ZFIN ID: ZDB-PUB-200403-60
Single-cell in vivo imaging of cellular circadian oscillators in zebrafish
Wang, H., Yang, Z., Li, X., Huang, D., Yu, S., He, J., Li, Y., Yan, J.
Date: 2020
Source: PLoS Biology   18: e3000435 (Journal)
Registered Authors: He, Jie, Yu, Shuguang
Keywords: none
Microarrays: GEO:GSE134288
MeSH Terms:
  • Animals
  • Animals, Genetically Modified
  • Bacterial Proteins/genetics
  • Brain/cytology
  • Circadian Clocks/genetics*
  • Circadian Rhythm/genetics
  • Circadian Rhythm/physiology
  • Embryo, Nonmammalian/cytology
  • Luminescent Proteins/genetics
  • Nuclear Receptor Subfamily 1, Group D, Member 1/genetics*
  • Photoperiod
  • Pineal Gland/cytology*
  • Pineal Gland/physiology
  • Promoter Regions, Genetic
  • Single-Cell Analysis
  • Time-Lapse Imaging
  • Zebrafish/embryology
  • Zebrafish/genetics*
PubMed: 32168317 Full text @ PLoS Biol.
The circadian clock is a cell-autonomous time-keeping mechanism established gradually during embryonic development.
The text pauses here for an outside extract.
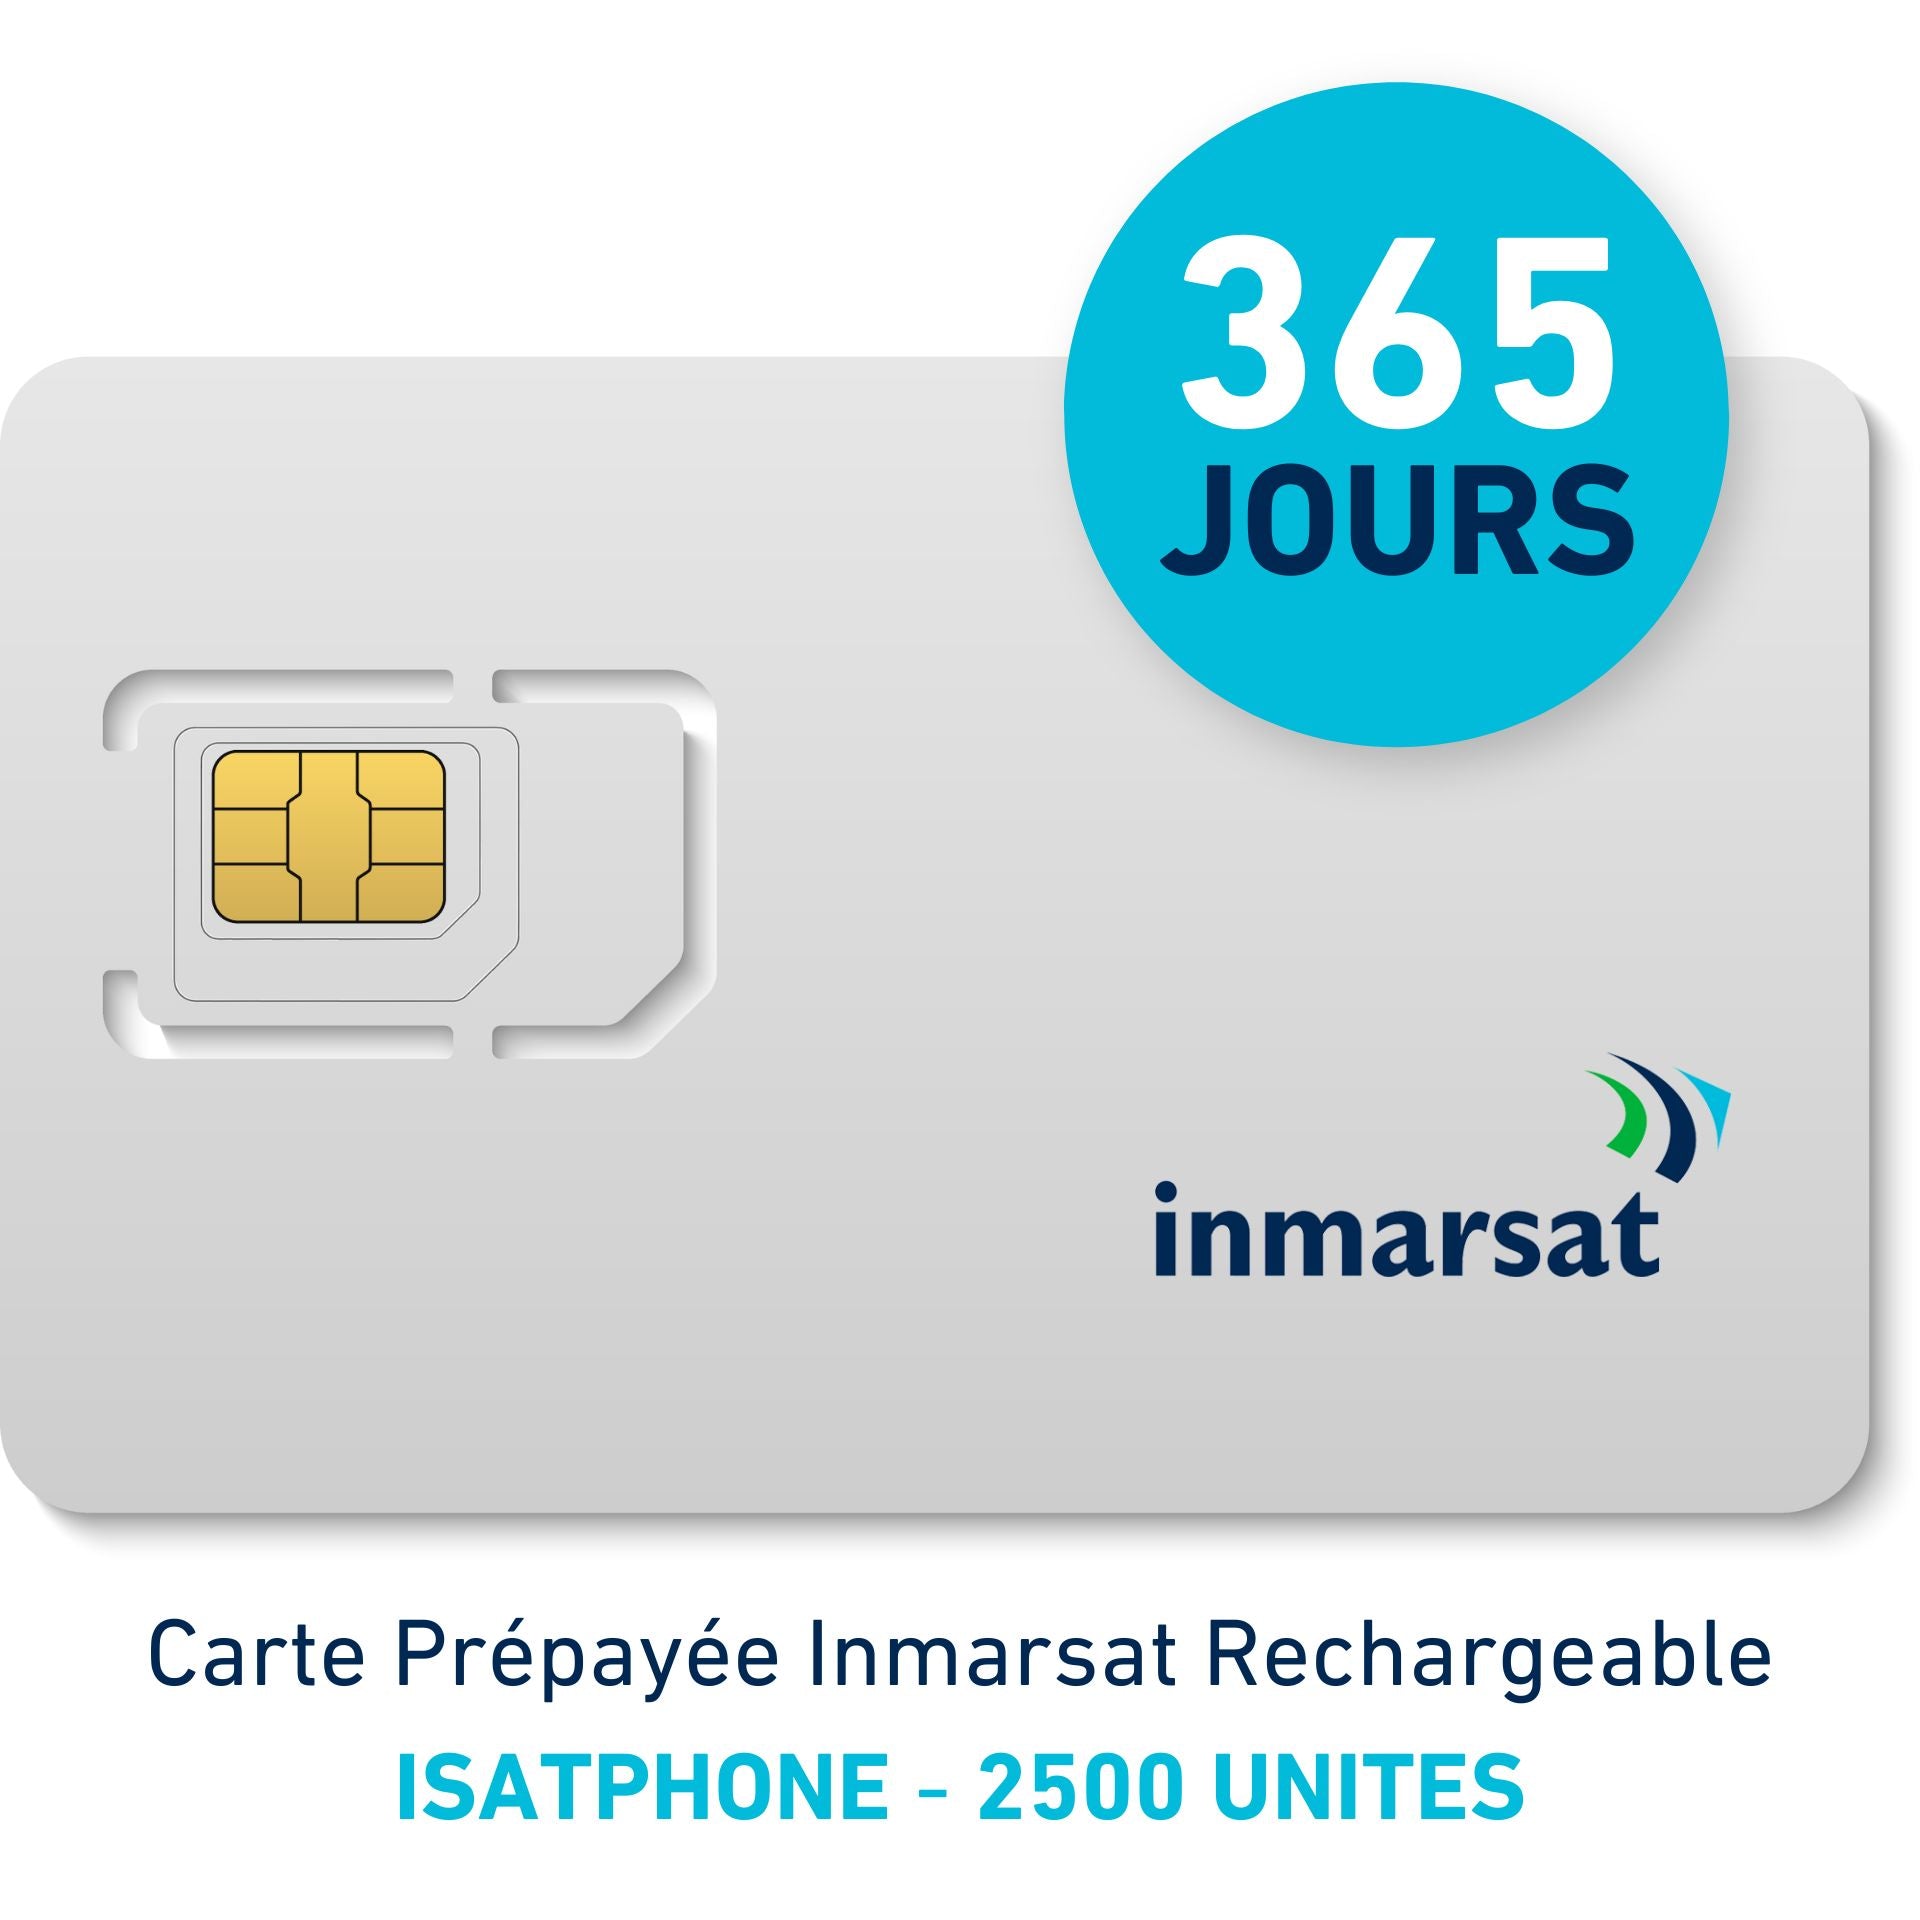 INMARSAT Prepaid-Karte Aufladbar ISATPHONE - 2500 EINHEITEN - 365 TAGE

Here, we generated a transgenic zebrafish line carrying a destabilized fluorescent protein driven by the promoter of a core clock gene, nr1d1, to report in vivo circadian rhythm at the single-cell level. By time-lapse imaging of this fish line and 3D reconstruction, we observed the sequential initiation of the reporter expression starting at photoreceptors in the pineal gland, then spreading to the cells in other brain regions at the single-cell level. Even within the pineal gland, we found heterogeneous onset of nr1d1 expression, in which each cell undergoes circadian oscillation superimposed over a cell type-specific developmental trajectory. Furthermore, we found that single-cell expression of nr1d1 showed synchronous circadian oscillation under a light-dark (LD) cycle. Remarkably, single-cell oscillations were dramatically dampened rather than desynchronized in animals raised under constant darkness, while the developmental trend still persists. It suggests that light exposure in early zebrafish embryos has significant effect on cellular circadian oscillations.